Fix: various: Correctly detect completion of systemd start/stop actions
When systemd receives a StartUnit() or StopUnit() method call, it
returns almost immediately, as soon as a start/stop job is enqueued. A
successful return code does NOT indicate that the start/stop has
finished.
Previously, we worked around this in action_complete() with a hack that
scheduled a follow-up monitor after a successful start/stop method call,
which polled the service after 2 seconds to see whether it was actually
running. However, this was not a robust solution. Timing issues could
result in Pacemaker having an incorrect view of the resource's status or
prematurely declaring the action as failed.

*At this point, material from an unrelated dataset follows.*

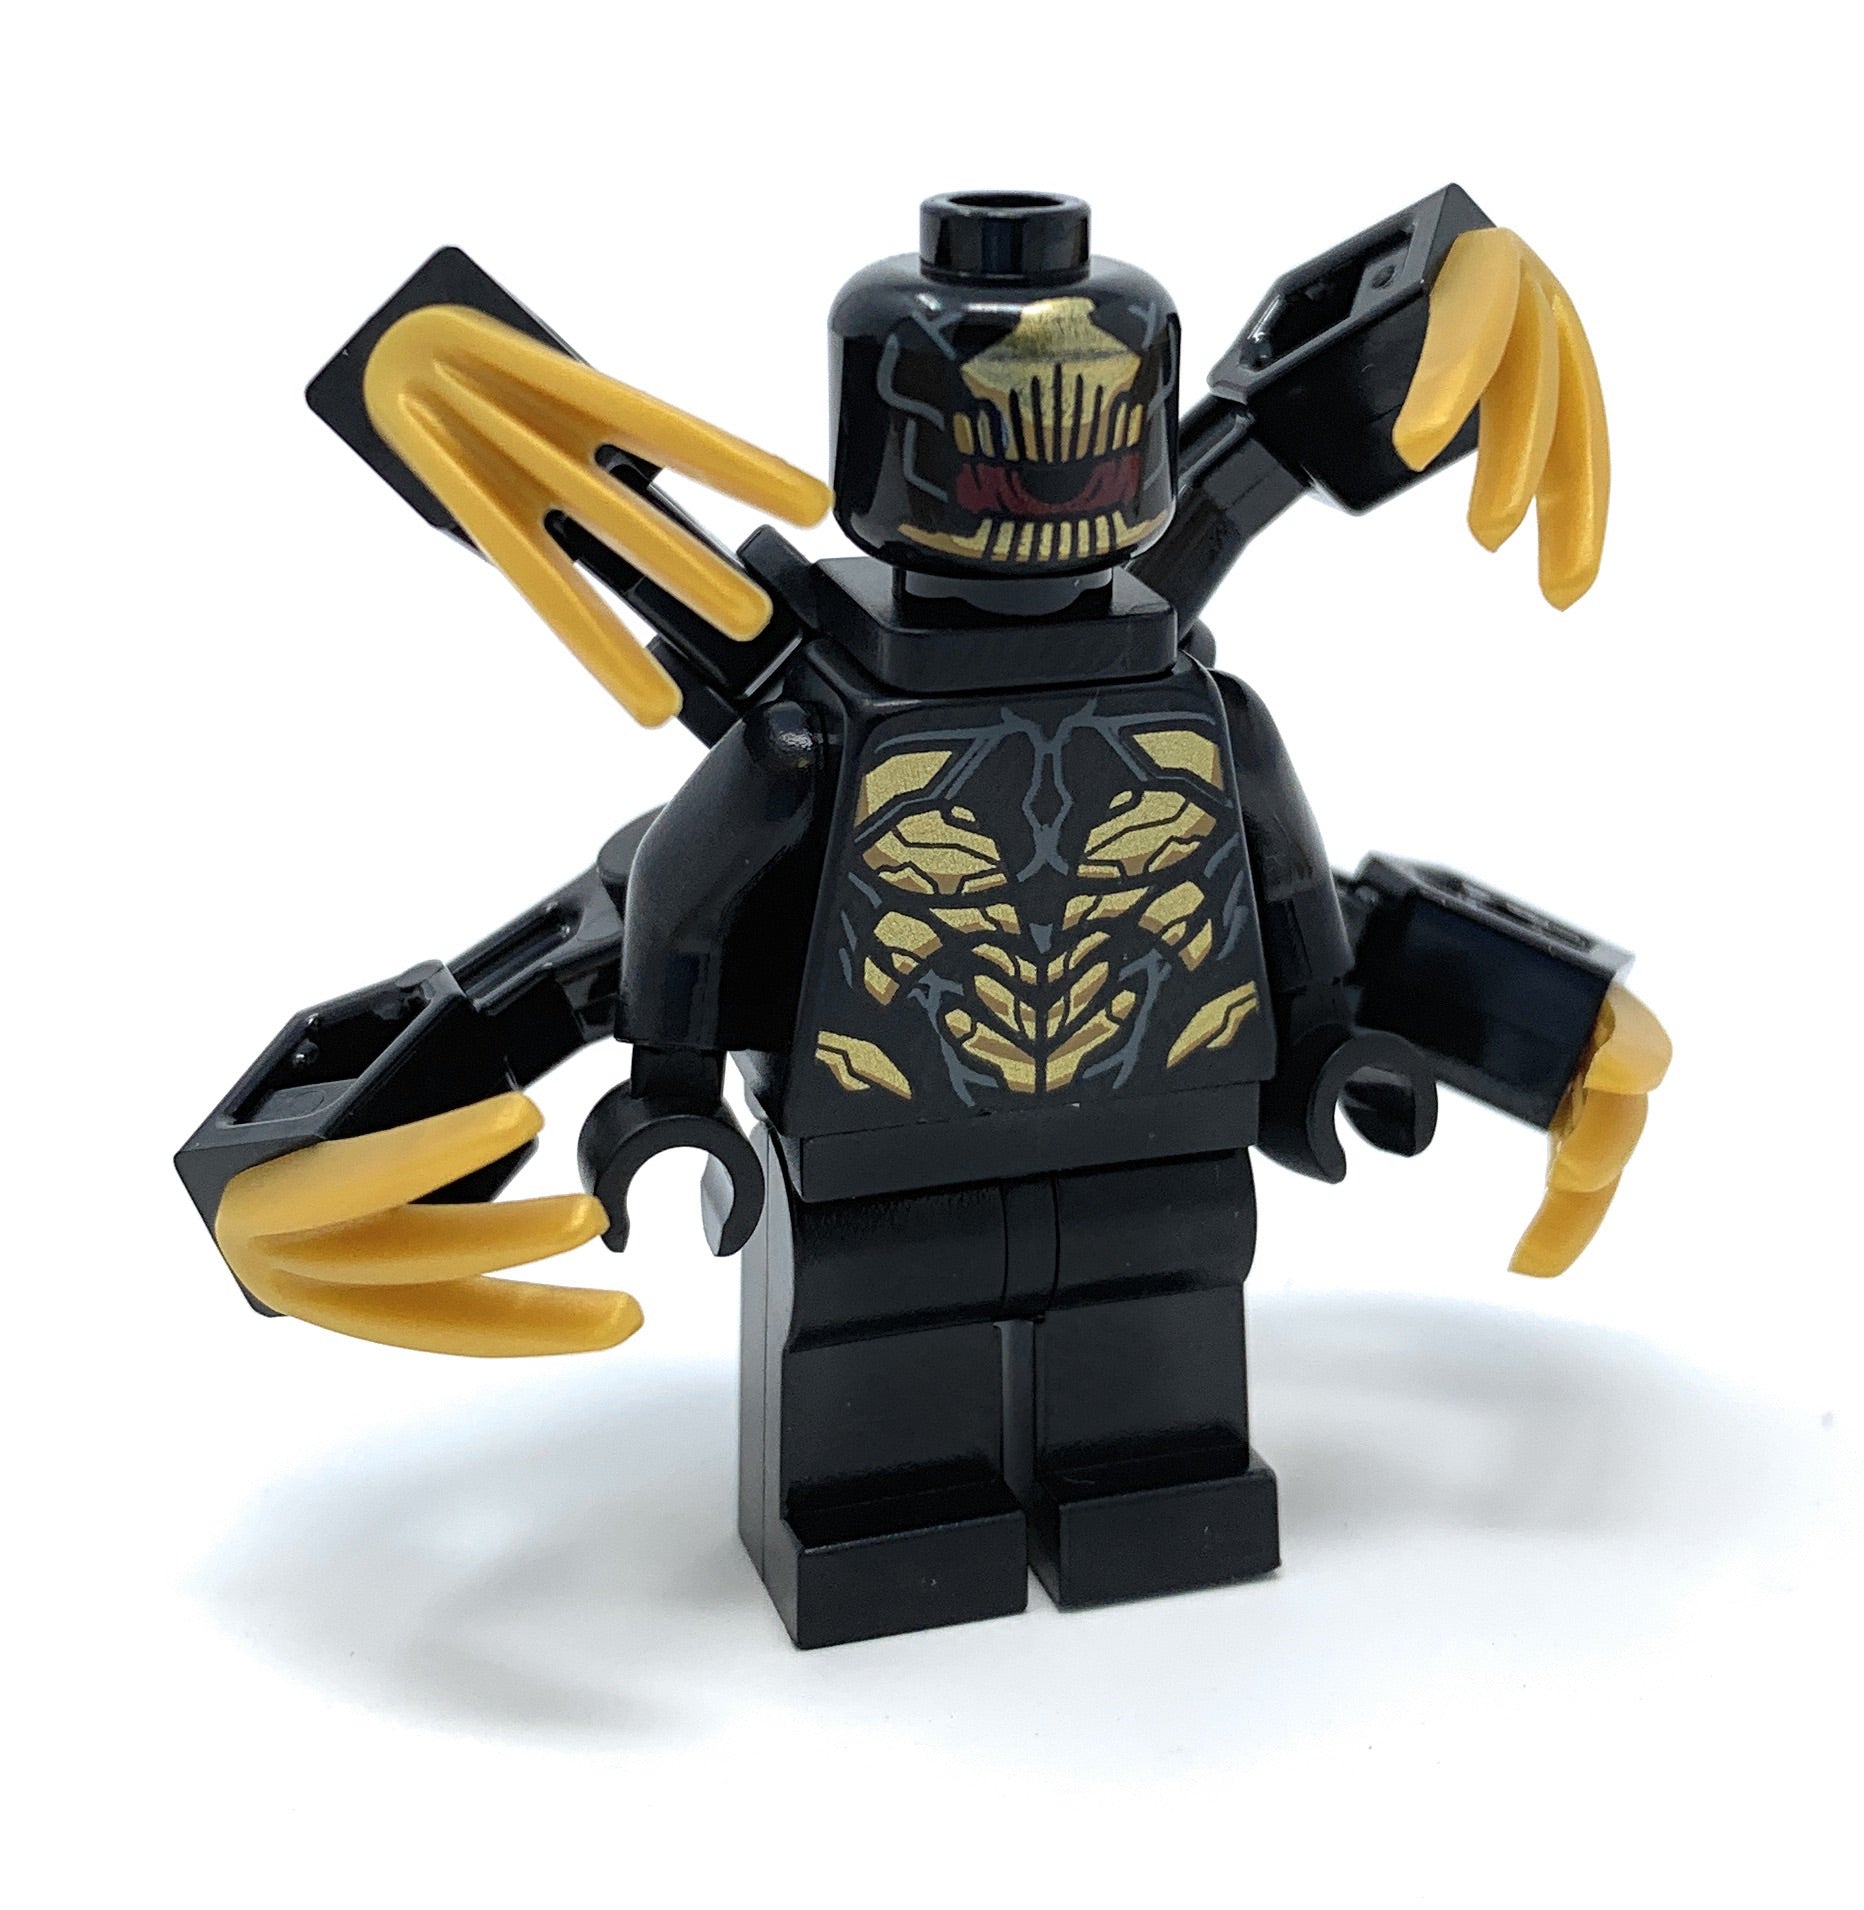 Outrider (Extended Claws) - LEGO Marvel Avengers: Endgame Minifigure (2019)

Now, we follow the best practice as documented in the systemd D-Bus API
doc (see StartUnit()):
https://www.freedesktop.org/software/systemd/man/latest/org.freedesktop.systemd1.html#Methods
After kicking off a systemd start/stop action, we make note of the job's
D-Bus object path. Then we register a D-Bus message filter that looks
for a JobRemoved signal whose bus path matches. This signal indicates
that the job has completed and includes its result. When we find the
matching signal, we set the action's result. We then remove the filter,
which causes the action to be finalized and freed. In the case of the
executor daemon, the action has a callback (action_complete()) that runs
during finalization and sets the executor's view of the action result.
Monitor actions still need much of the existing workaround code in
action_complete(), so we keep it for now. We bail out for start/stop
actions after setting the result as described above.
Ref T25
Co-authored-by: Reid Wahl <nrwahl@protonmail.com>
Signed-off-by: Reid Wahl <nrwahl@protonmail.com>